Model-based reinforcement learning promises to learn an optimal policy from
fewer interactions with the environment compared to model-free reinforcement
learning by learning an intermediate model of the environment in order to
predict future interactions. When predicting a sequence of interactions, the
rollout length, which limits the prediction horizon, is a critical
hyperparameter as accuracy of the predictions diminishes in the regions that
are further away from real experience. As a result, with a longer rollout
length, an overall worse policy is learned in the long run. Thus, the
hyperparameter provides a trade-off between quality and efficiency.
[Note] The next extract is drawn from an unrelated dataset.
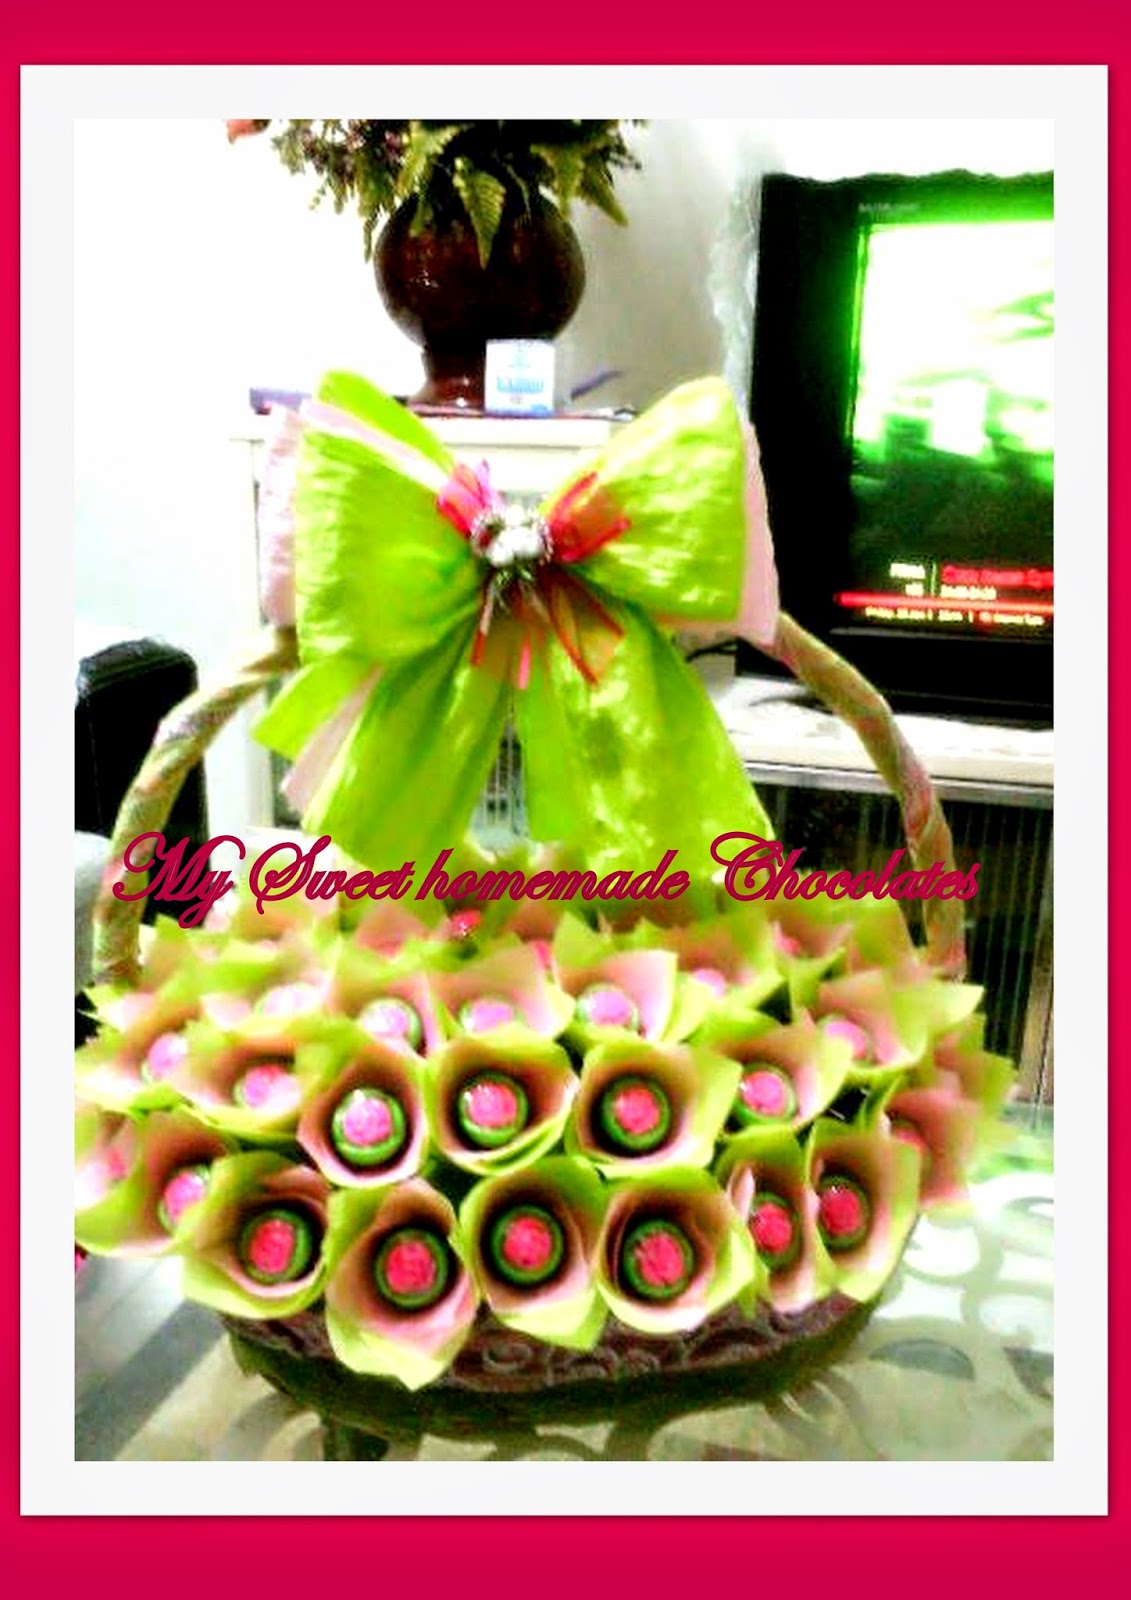 Sweet Homemade chocs: Bouquet coklat hantaran dalam bakul.. ;-)

In this
work, we frame the problem of tuning the rollout length as a meta-level
sequential decision-making problem that optimizes the final policy learned by
model-based reinforcement learning given a fixed budget of environment
interactions by adapting the hyperparameter dynamically based on feedback from
the learning process, such as accuracy of the model and the remaining budget of
interactions. We use model-free deep reinforcement learning to solve the
meta-level decision problem and demonstrate that our approach outperforms
common heuristic baselines on two well-known reinforcement learning
environments.

本文将调整 rollout length 作为元策略决策问题，通过动态改变超参数来优化在固定环境互动预算下通过模型强化学习学习到的最终策略，使用深度强化学习解决元策略决策问题，并在两个常见的强化学习环境中展示了其优势。